И мне тоже начинает казаться, что это не зеркало, а дверь, и вертятся там за нею другие гости, справляют другую свадьбу.
– Смотри, там Корнеля пляшет! – говорит Лена и, закрыв глаза, кладет мне голову на плечо.
Я привстаю, ищу глазами Корнелю. Люди на той другой свадьбе какие-то зеленые, мутные…
– Лена! Где же Корнеля?
– Там, – машет она рукой, не открывая глаз. – Корнеля плачет…
– Пляшет? Плачет? Что ты говоришь?
– Я не знаю, что я говорю, – бормочет Лена.
Я снова смотрю. Голова у меня кружится. И кружатся зеленые злые люди, упорно колотя ногами, словно втаптывают кого-то в землю. Не та ли Корнеля, совсем черная, мутная… смотрит огромными рыбьими глазами… И вдруг подпрыгнула, как тогда в пруду, по пояс голая, руки вытянула и манит, манит, а ниже груди рыбья чешуя… Рот у нее раскрыт, не то поет, не то плачет: «о-о-и-о-о!»

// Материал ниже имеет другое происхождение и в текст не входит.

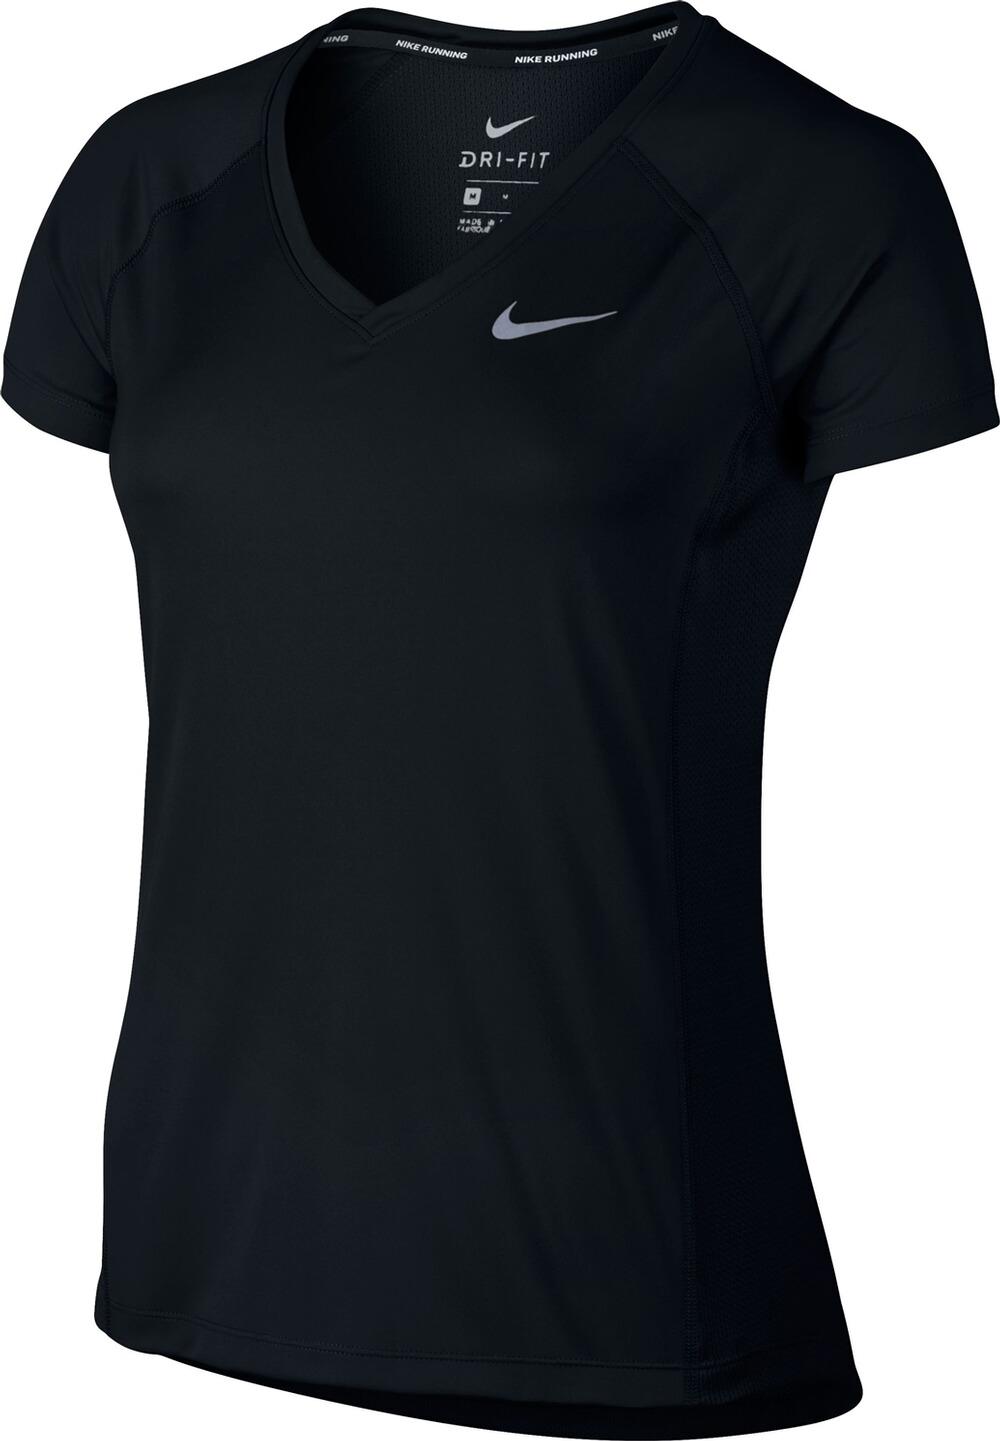 on feet images of sleek low price Details zu Nike Damen Laufshirt Sportshirt T-Shirt DRI-FIT MILER TOP V-NECK  schwarz

И вся дрожа, кричу я в ответ исступленно и дико:
– О-о-и-о-о!..
Потом потянулись долгие дни и ночи, мутные, тяжелые. Приходили незнакомые люди, старичок-водяник стукал меня по груди молоточком, приговаривал:
– Скарлатина, скарлатина, у обеих скарлатина.
Злые старухи шепотом ругали Корнелю:
– Эдакое над собой сделать!.. Гад ее утянул…
Старух я не узнавала…
Потом говорили, что в пруде воду спускали.
– Искали, не нашли.
– А нашли не в пруду, а за мельницей в речке.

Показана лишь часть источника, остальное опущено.